Город Балтимора. Скука, дождь, ветер. Саша Петров, лирический герой стихотворения, вспоминает об Адриатике — голубой, далекой. Хорошее чувство, патриотическое чувство, подумал я. Сотрудникам толстого сибирского журнала это понравится.
Вот только телефонный звонок.
Я насторожился.
Саша Петров, лирический герой длинного стихотворения, поднял телефонную трубку. Лучше бы он этого не делал. Голос в трубке задыхался: „Саша, что ты делаешь в этой сучьей Балтиморе? Беги к себе на Ядран! Там Солнце! “
И как выстрел: „Бродский".
Я включаю газ, согреваю кости. Я сижу на стуле, трясусь от злости. Не желаю искать жемчуга в компосте! Я беру на себя эту смелость! Пусть изучает навоз кто хочет, патриот, господа, не крыловский кочет, пусть КГБ на меня не дрочит.

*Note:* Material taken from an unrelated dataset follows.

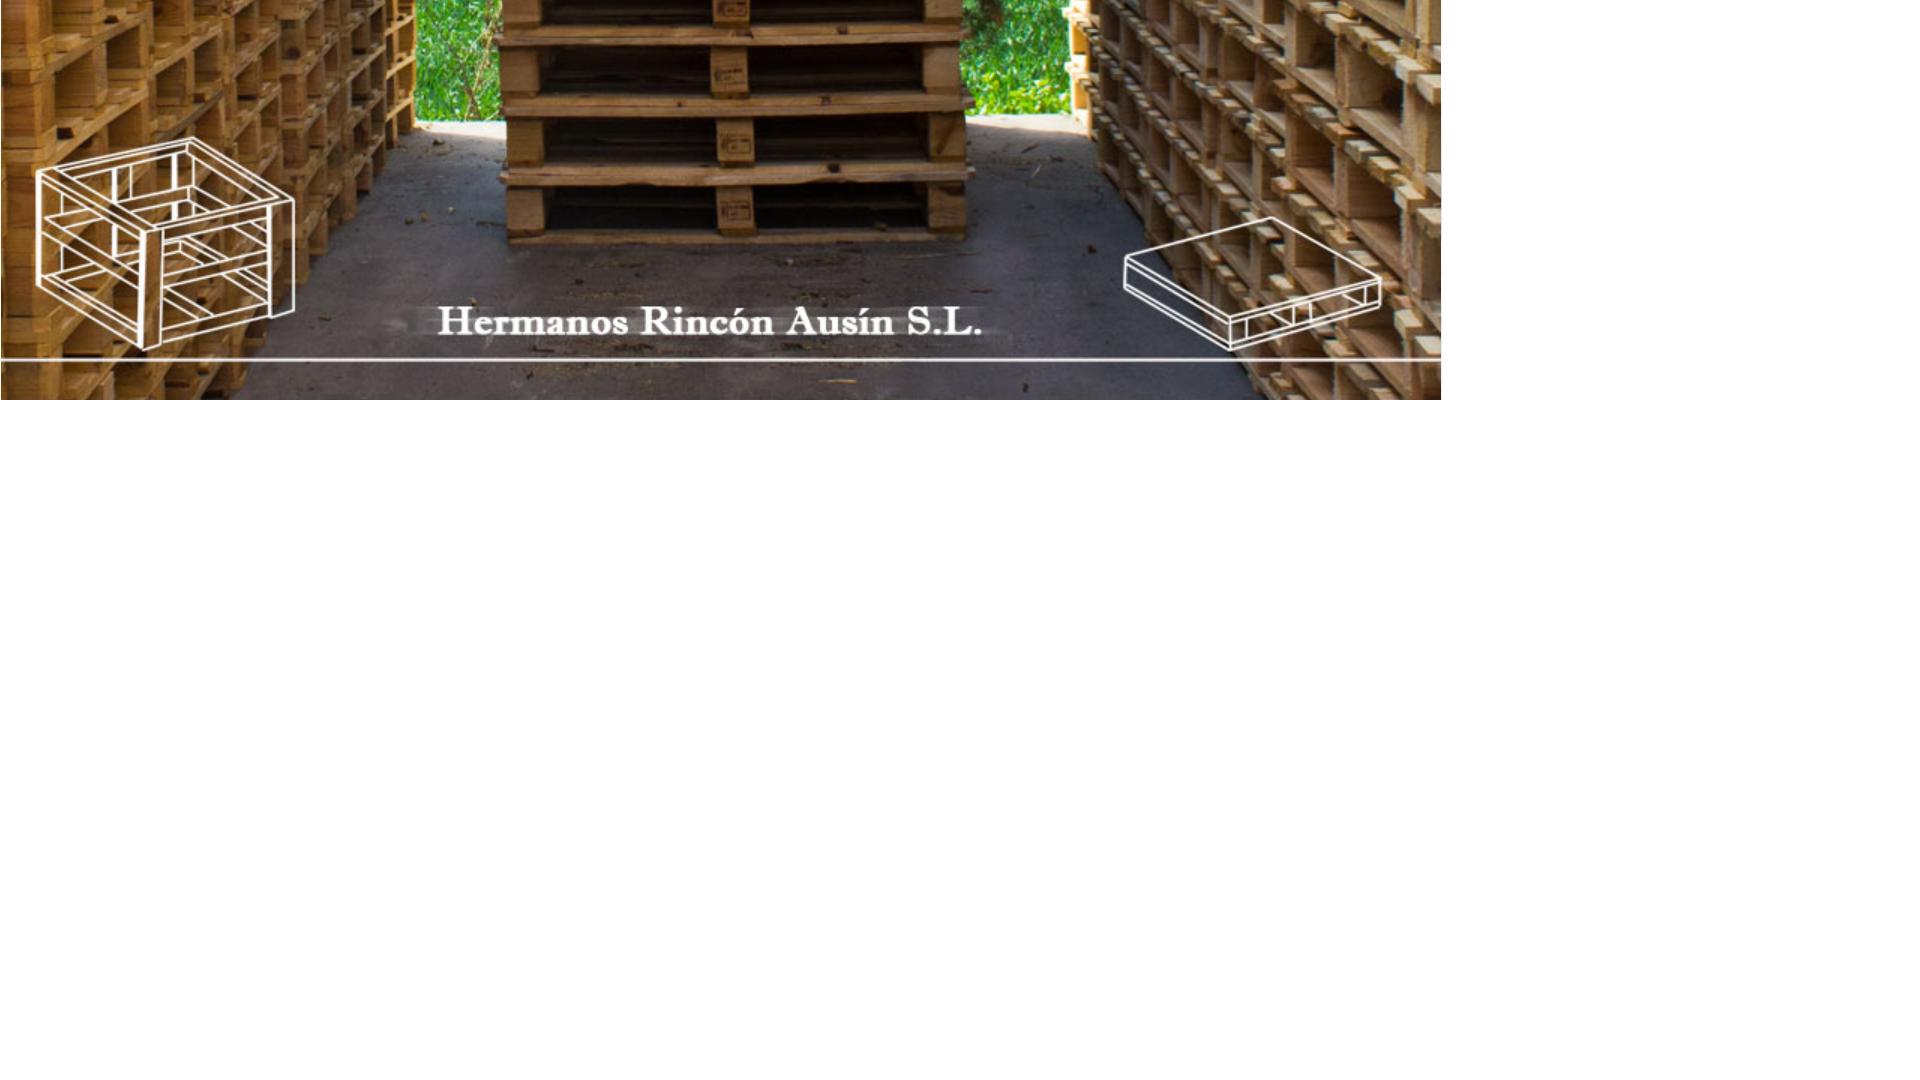 Embalaje De Madera Para Automocion P Ginas Amarillas # Certificado Fitosanitario Muebles

Не бренчи ты в подкладке, мелочь!Географические или эротические сдвиги.
Я понял, что именно Дима имел в виду, много позже, когда прочел его роман „Ниоткуда с любовью". А в 1968 году до романа было еще далеко. Мы вели бесконечный письменный почтовый диалог. Дима искал свое, я выбирал между Тропининым и Деметрой.
Разочаровавшись в богах, приняв образ простой смертной старухи, в поисках Персефоны Деметра, назвавшись Део, добралась до города Элевсина. Нелегко попасть в царство Гадеса, если этого хочет не он, а ты. Присев на камень у источника, Деметра дождалась местных женщин, пришедших за водой — несчастная смуглая старуха в черном траурном платье. Таких старух и сейчас полно в Греции, в Сербии, в Болгарии, на Кипре. Красавица Каллидика, дочь царя Келия, сняв с плеча кувшин, спросила: „Кто ты, откуда ты, тетушка? Почему не войдешь в город? Там найдутся женщины, подходящие для тебя, ты выглядишь сердечной."
Хорошие слова.
Каллидика сказала: „Тетушка, так уж положено людям — переносить все хорошее и плохое, что нам посылают боги. Вставай. Мы поведем тебя в город."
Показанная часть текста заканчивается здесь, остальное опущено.